Y aquí, en el Sainte-Beuve, la tostada mojada en el té lleva al narrador de vuelta a los veranos de la infancia y a su abuelo que mojaba la tostada en el té y se la daba. Y el jardín, hasta entonces borroso y apagado a sus ojos, con sus avenidas olvidadas, brota de nuevo en su memoria, como esas florecillas japonesas que sólo renacen en el agua. Proust transmutará la tostada del abuelo en la magdalena de la tía Leoncia en los domingos de Combray, en las páginas de En busca del tiempo perdido, las frases se dilatarán en mareas memoriosas y en oleadas de emociones, hasta decantar la vida entera enhebrando el camino de Swan y el camino de Guermantes, una vida entera que experimentamos a través de una prosa de largo aliento, como si de una carrera contra la muerte se tratara. Porque la verdadera vida, la vida al fin descubierta y dilucidada, la única vida, por lo tanto, realmente vivida es la literatura, leemos en la última parte de En busca del tiempo perdido. Vida vivida dos veces. Vida destilada por la memoria apresada en los objetos que encierran lo perdido. Vida resucitada.

Página manuscrita de
El tiempo recobrado


He tardado casi quince años en acabar de leer las tres mil páginas de En busca del tiempo perdido, pero sólo la semana pasada comprendí de forma cabal hasta qué punto Proust se abismó en el pozo de la memoria.
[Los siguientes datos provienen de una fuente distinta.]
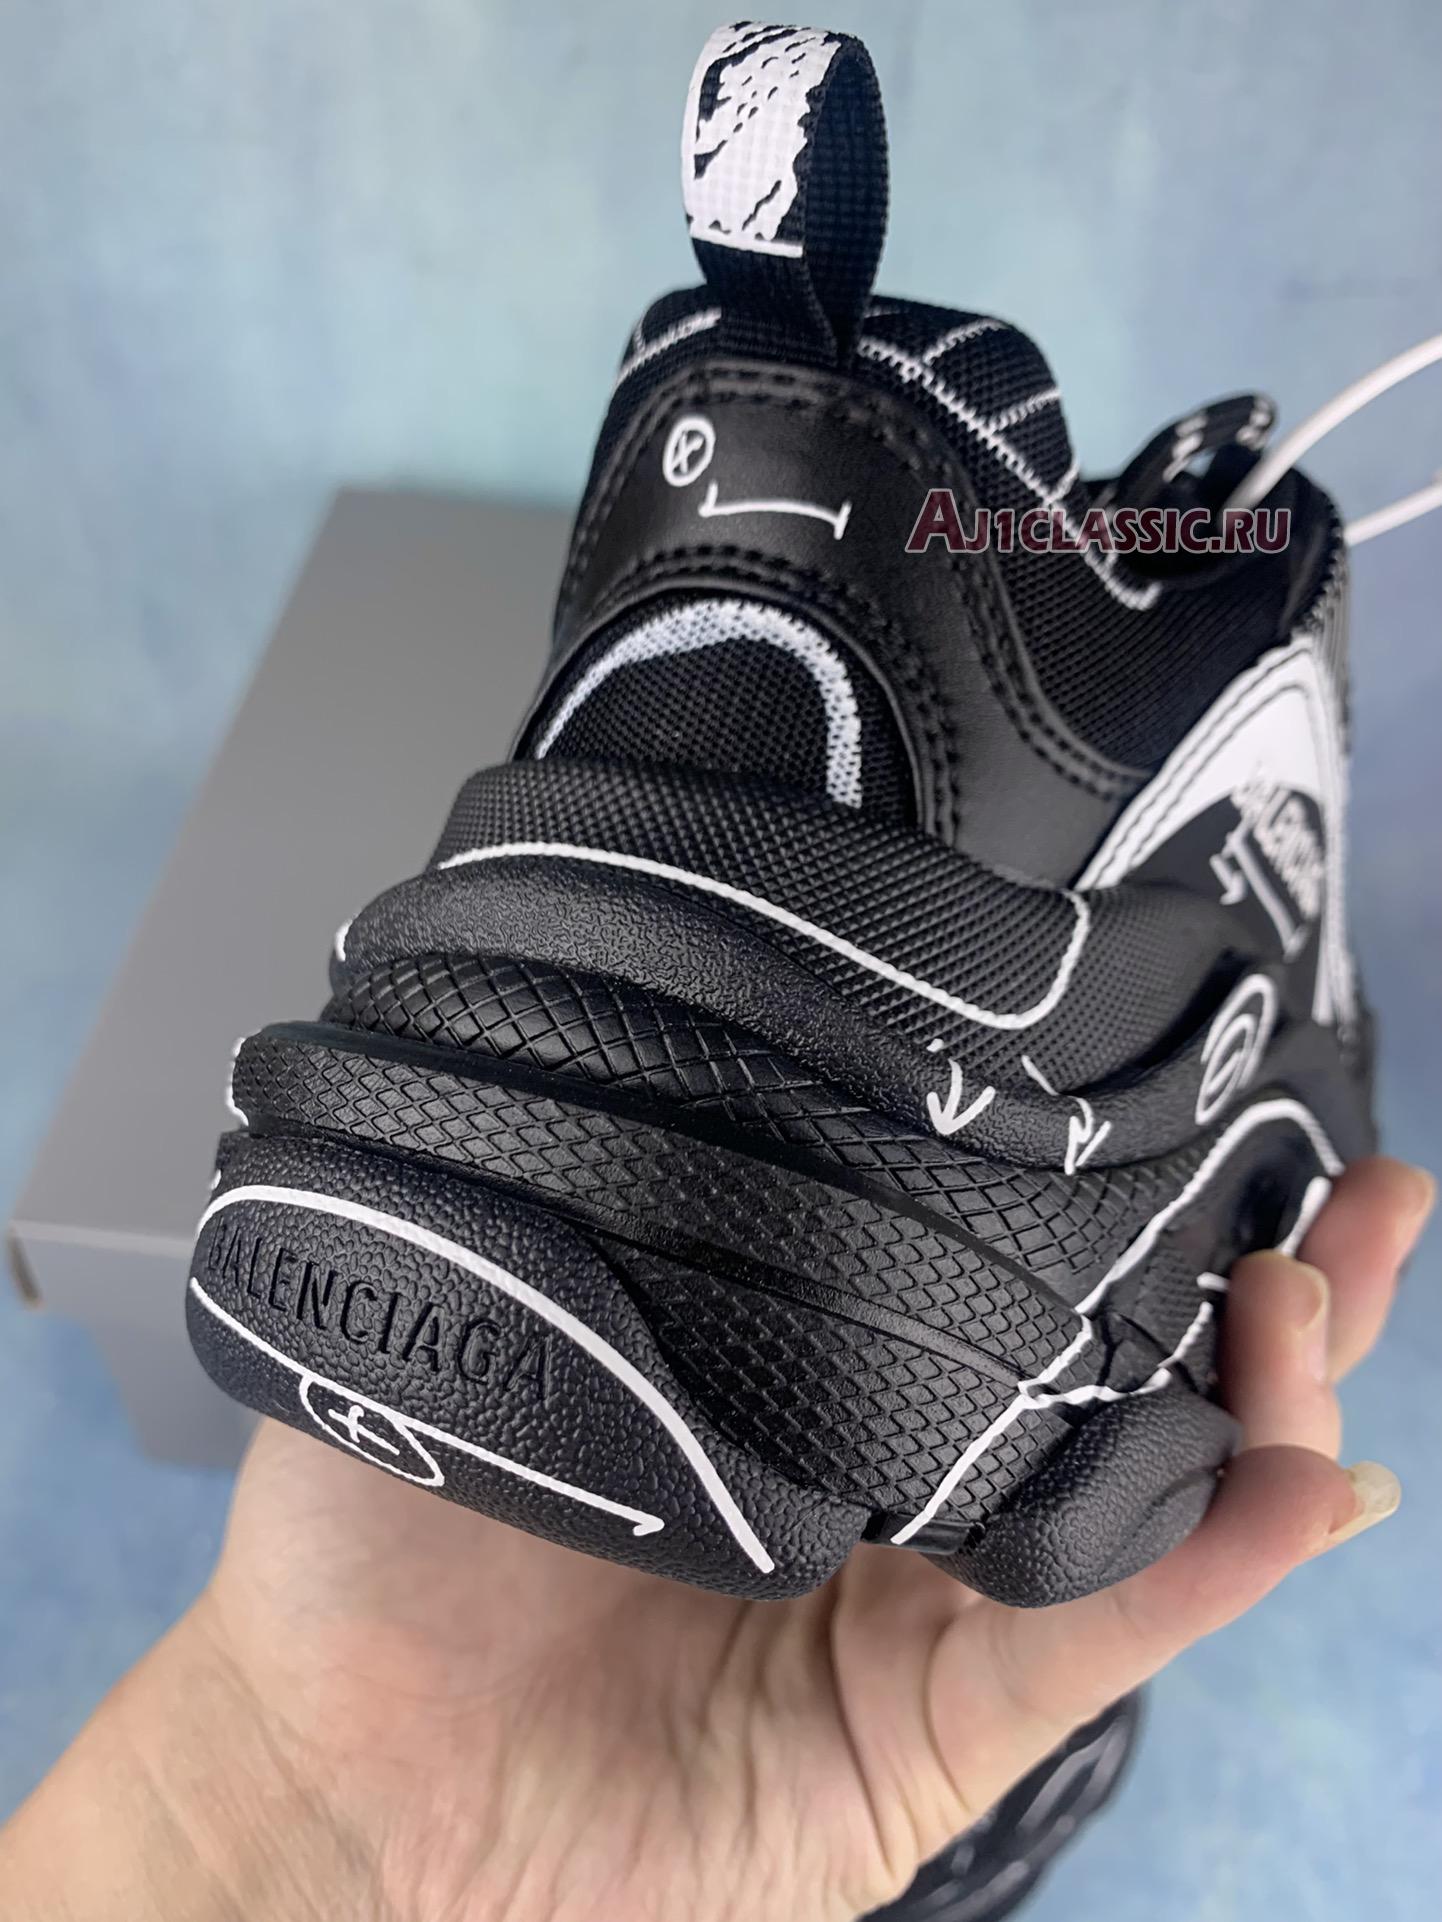 Balenciaga Triple S Sketch-Print Sneakers "Black" 536737 W3SRB 1090

Hacía cuarenta y cinco años que no dormía en la cama de mis padres, y hacía más de treinta que no dormía en la casa donde nací. La primera noche representó una experiencia tan abrumadora que no pegué ojo, como si la memoria me cercase, me tomase por asalto y quedase uno cautivo en una imagen de la infancia: yo debía tener diez años, era una mañana de verano y mi madre leía junto a la ventana de la habitación en que yo -ahora, de noche- no podía dormir. Lo asombroso es que debe ser la única vez que vi a mi madre -por así decir- ociosa en toda mi vida. Y yo era el guardian de su lectura. Entonces, en plena noche cálida de verano, sentí el frío -del pozo de la memoria- y me envolví con el abrigo del tiempo. Del tiempo perdido. Como Proust.